We’ve heard the story and we know the answer: 30 pieces of silver.
 
It’s a very specific amount. In Exodus we read that 30 pieces of silver was the value of a slave. Later in the Old Testament, the Prophet Zechariah received 30 pieces of silver as payment for his work as a shepherd. Saint Matthew wants us to make those connections. And we could, of course, spend time reflecting on the theological or symbolic value of those pieces of silver, and perhaps you can do that on your own today.
 
But as I reflected on the Readings of this “Traitor Wednesday,” I found myself coming back to the Lenten series on morality and the Ten Commandments that led at Saint Pius X Church [in Wauwatosa, Wisconsin] these past six weeks.

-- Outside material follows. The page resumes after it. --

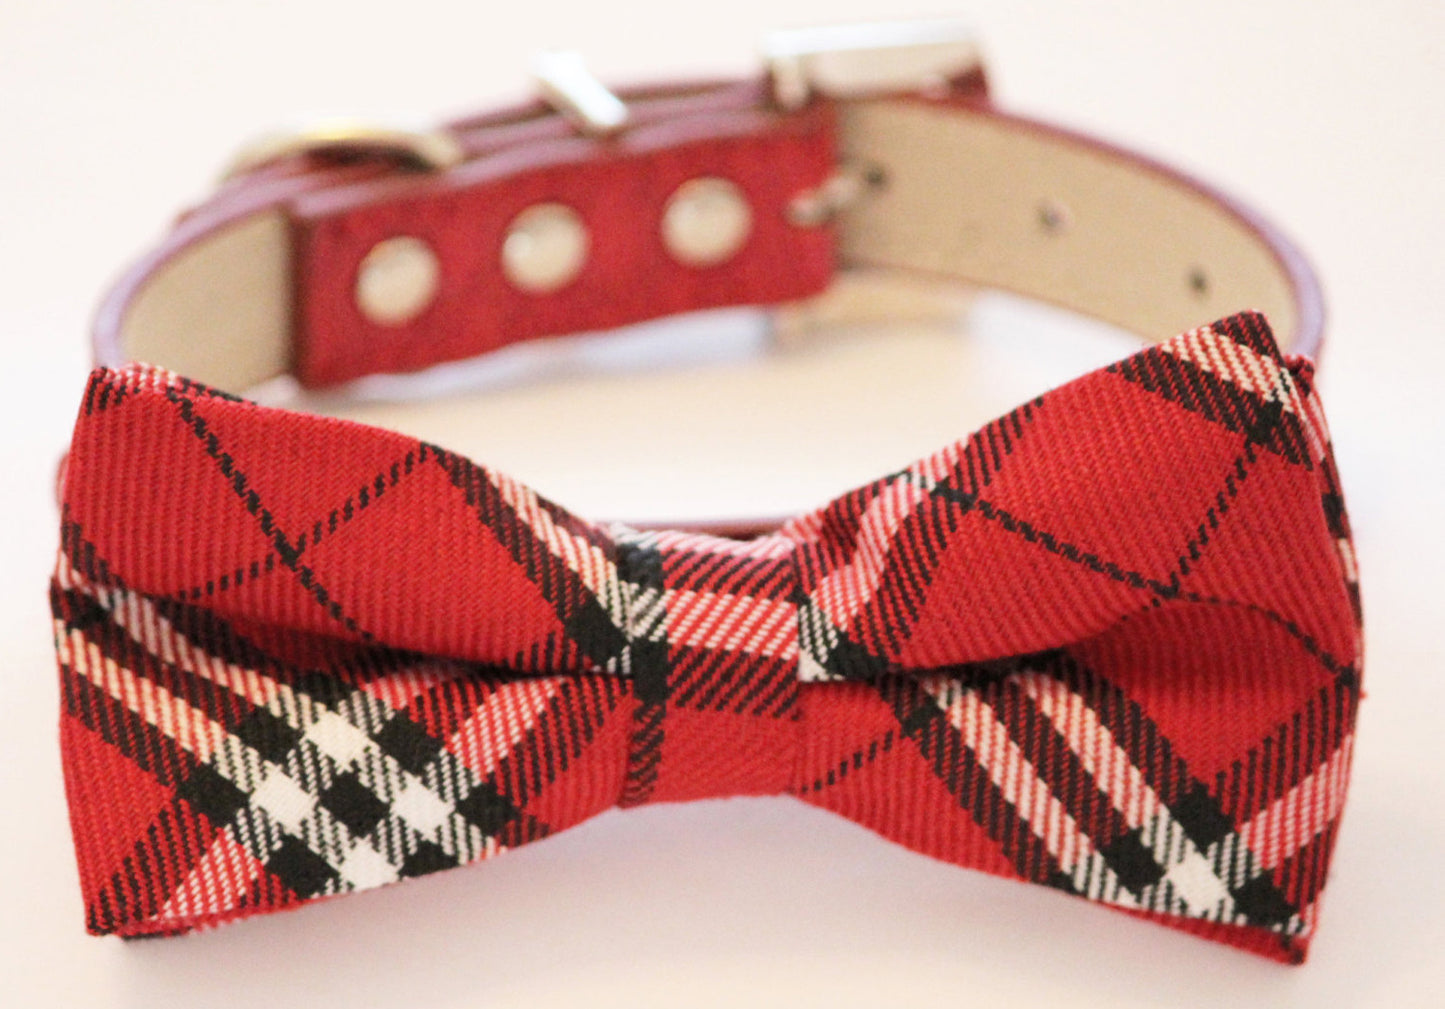 Plaid red and white wedding Dog Bow tie with collar, Chic and Elegant wedding , Wedding dog collar
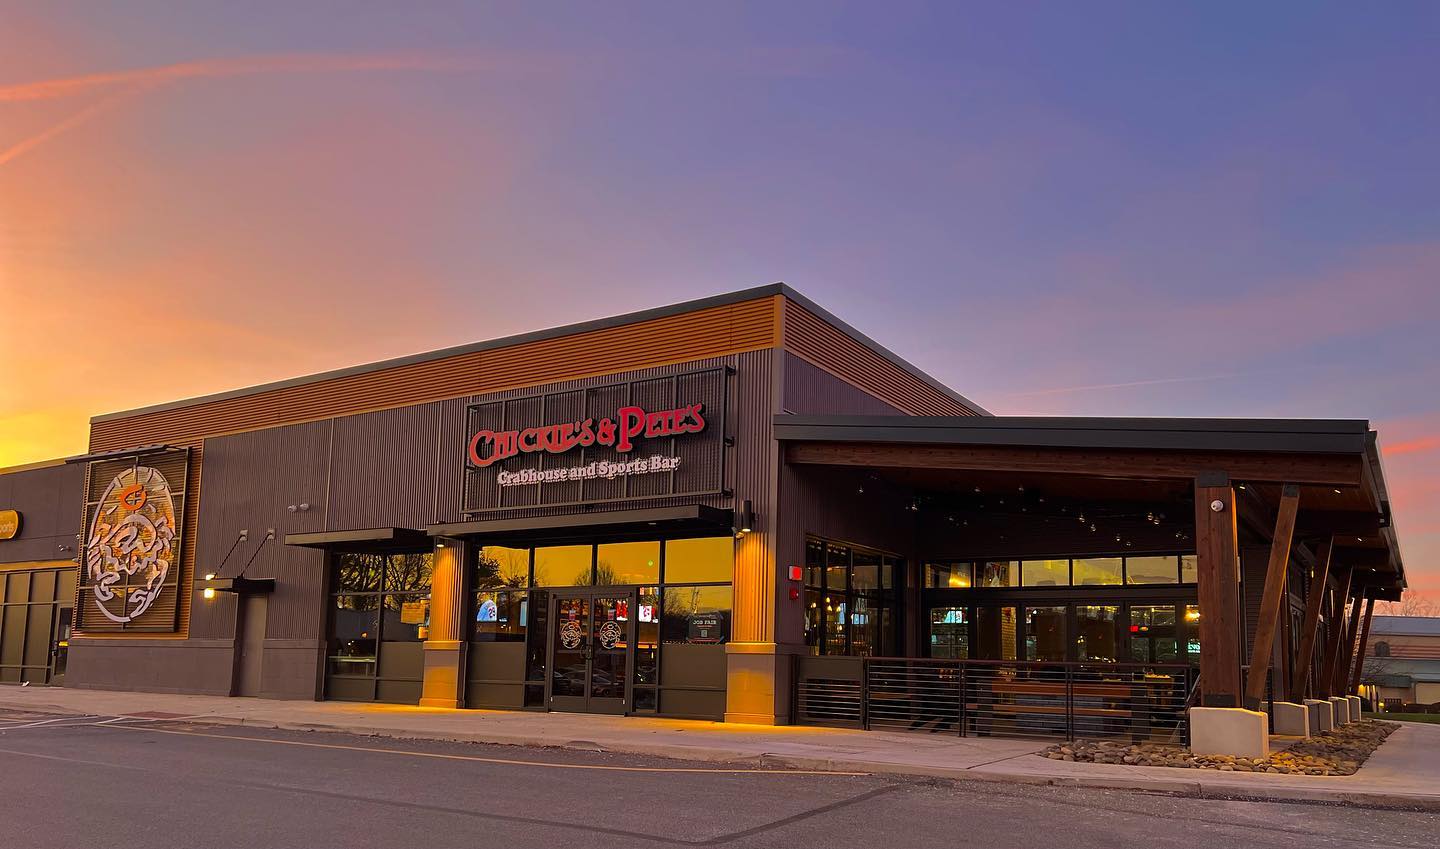 Chickies Petes

And, one of the basic ideas of morality that we explored in the series is our belief in the common good, that sense of seeing another person as an extension of myself, knowing that what I recognize I need for health, happiness—and those things I need to be fully alive—are also the things they need to be a healthy, happy, fully alive human person. To say that we are committed to the common good means that we recognize our shared dignity and children of God and that we work to make sure that every person has what they need to truly live.
 
 
But to be committed to the common good means that we also forfeit the right to use the language of “us” and “them.” We no longer get to talk about or think about “those people”… whomever “those people” might be. I can only imagine how different the world would be if this is how we Christians lived.  
 
But we all have our Judas moments. We all have those times when we fail to see those around us extensions of ourselves and we reduce others to being a “them,” different from us, distinct from us. And in those moments we make judgments about their worth. Are they worth our time? Are they worth our energy? Are they worth a kind word? Are they worth the truth? Are they worth the risk?
 
I think that today, as we reflect on what Jesus was worth—30 pieces of silver in exchange for the security and power of the religious establishment—we might ask ourselves how we value the lives of others in this community, in our places of ministry, and around the world. If we simply go by what we hear in the news or in political debates, we might be led to believe that life is cheap—especially the lives of “those people”—but is that how Jesus lived? Is that how God sees it?
 
We know the answer to that because we know how much the love the Father has for the Son and how much that love cost. After all, that’s we’re celebrating in this Holy Week.
 
I delivered this reflection on Wednesday, March 23, 2016, at the Salvatorian community Mass in the chapel of Holy Apostles Formation House.